Hawkins, of Lothian, sampled the game yesterday at the Maryland State Fair where it debuted last weekend before rolling out this week at 50 locations across the state. He wanted to give the fake horses a whirl before betting on the real thing - which they also have at the fair.

But the seasoned gambler miscalculated. At a real race he'd study the horses and their histories to make educated bets. Here, no matter how sweet or spunky the horses appear, it's numbers, pure and simple, with no more skill required than a scratch-off.

"I thought I could make a couple hundred dollars here, and then go down there and bet on a horse that I know about," Hawkins said, after about his fifth loss in a row. "I bet on eight. He came out of there real pretty then fell back, then came up there again and then, heck, I don't know where he went."

Maryland is the first state in the country to offer Racetrax, although the faux thoroughbreds have been looping tracks in Denmark, the United Kingdom, Croatia, Canada and Australia for some time.

With two nearby states offering slots, Maryland Lottery officials say this new game, with its flashy graphics and bar-friendly premise, is their best hope of competing.

"That's the whole point," Lottery Director Buddy Roogow said. "Without slots, we need something that keeps the excitement here."

Racetrax is similar to Keno in that both are played on video monitors set up in places like taverns and convenience stores. The races among 12 horses happen every five minutes - and just like at the track, people put down wagers right up until the race is set to begin.

The minimum bet is $1 and the payoff depends on the type of bet and the odds assigned to each horse's number.

Since Racetrax was designed for Maryland, the virtual track is modeled after Pimlico. But while the real Pimlico is in the northwestern part of Baltimore, tucked among neighborhoods, in the game the track is obviously downtown, with the city skyline quite recognizable.

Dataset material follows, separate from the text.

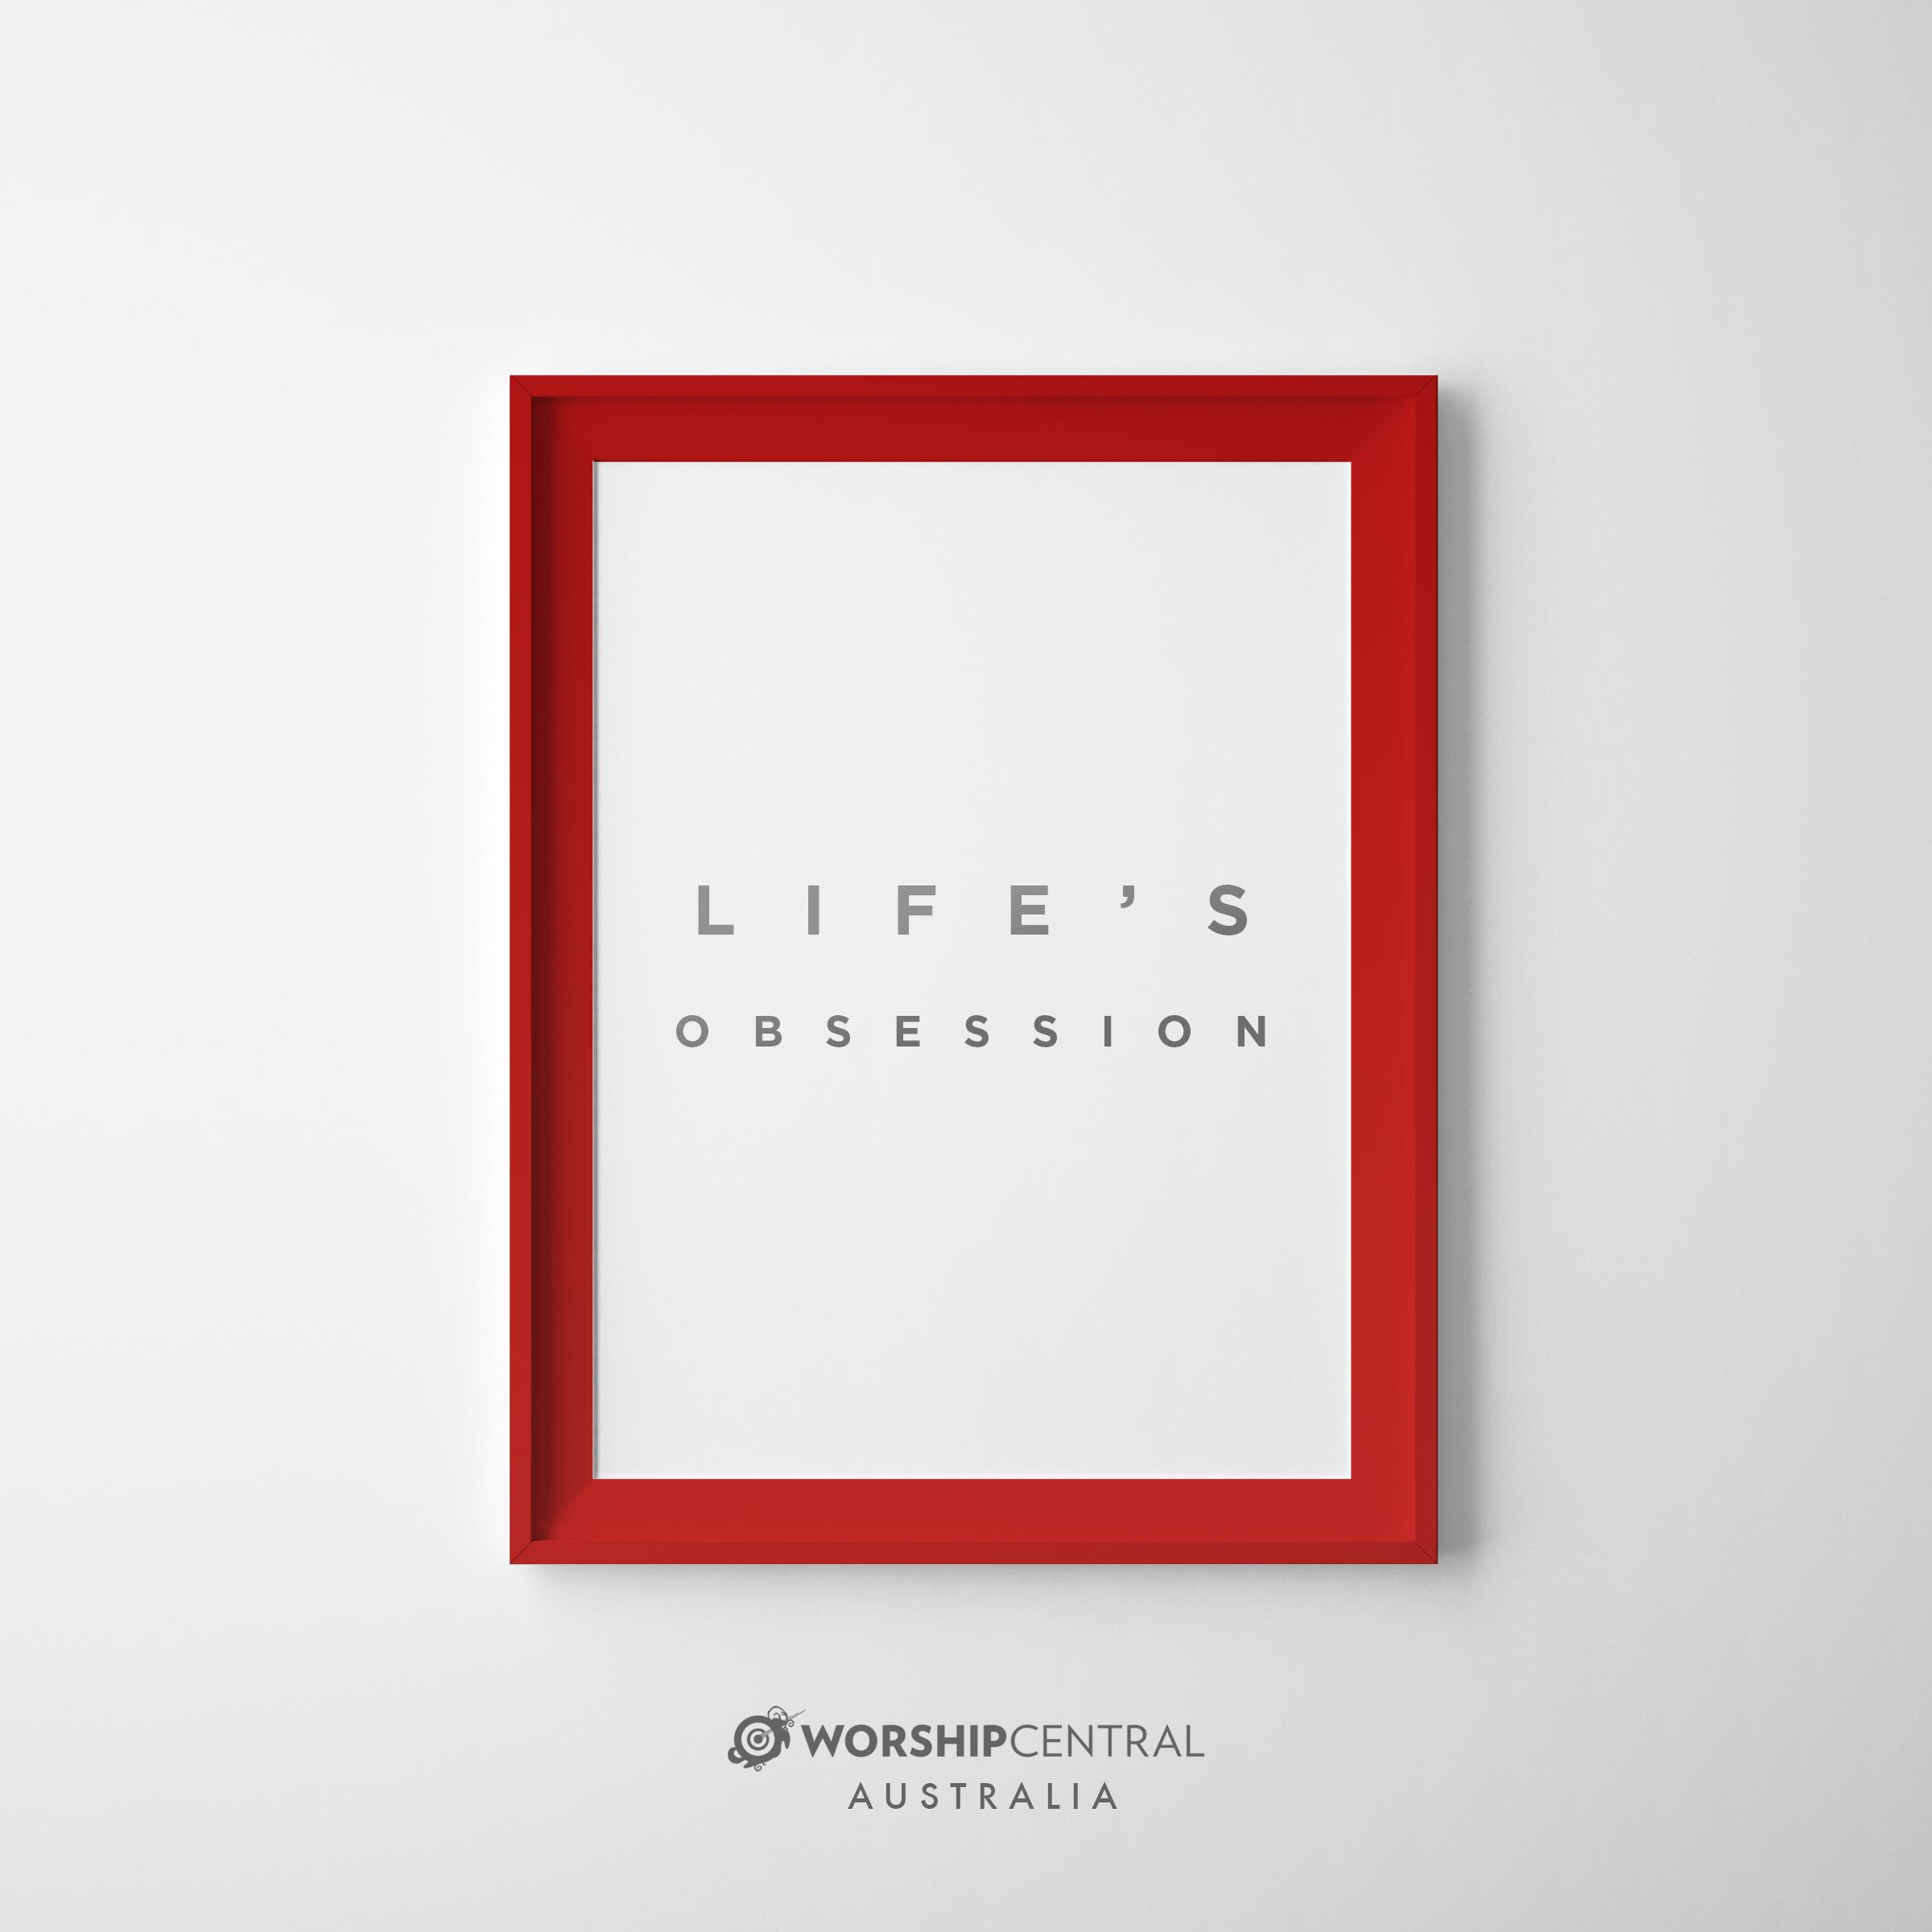 LifesObsession_Artwork2400x2400.jpg

With all the talk of actually someday building a track downtown, Gail Gibson, who lives just a tail's shake from Camden Yards in Ridgely's Delight, took the graphics as a bit of foreshadowing.

"That's a little scary," she said, recognizing the World Trade Center as she played out a $4 bet.

That aside (Roogow said the downtown backdrop is not a hint, only a homage to Baltimore), Gibson was having fun with the game.

She had her money on a horse with a name that seemed destined for the back of the pack: Relaxing.

"This could be your lucky race," the imaginary announcer intoned. "Yes!" Gibson yelped. "I think it's gonna be a big one!"

Relaxing, apparently tagged by the gods of chance, pulled it out, coming in first.

The virtual horses are realistically drawn, and come in more colors than one would typically find in any one race at the track - grays and chestnuts and blacks are always running together.

And someone put a lot of thought into their names. Speculate. Neptune's Doll. Broadway Harry. Park Regent. Test Case. Gallant Bloom.

Dean Giacomelli of Cockeysville bet on Sunshine Today, the No. 3 horse, to show. He'd never bet at a race track, but figured he'd give it a shot and maybe learn something.

"Three's coming up the middle! Uh-oh, now he's falling back. Come on! Come on! Come on!" he yelled, getting into it. "Three! Three!"

Three came in second. Boosted by his small win, Giacomelli was back about 10 minutes later, betting $12 on a trifecta combination.

"I'm in the big boy races now," he said with a grin. "I'm a sucker for gambling,"

But Hawkins had already thrown in the towel. It took him less than $10 of betting to realize he was getting nowhere fast and better head to the real races with the real horses where he was on surer footing. "This is a rip-off right there," he said, scoffing over the phony whinnying and prancing. "I'm going back to the real thing. So any mistake I make is me."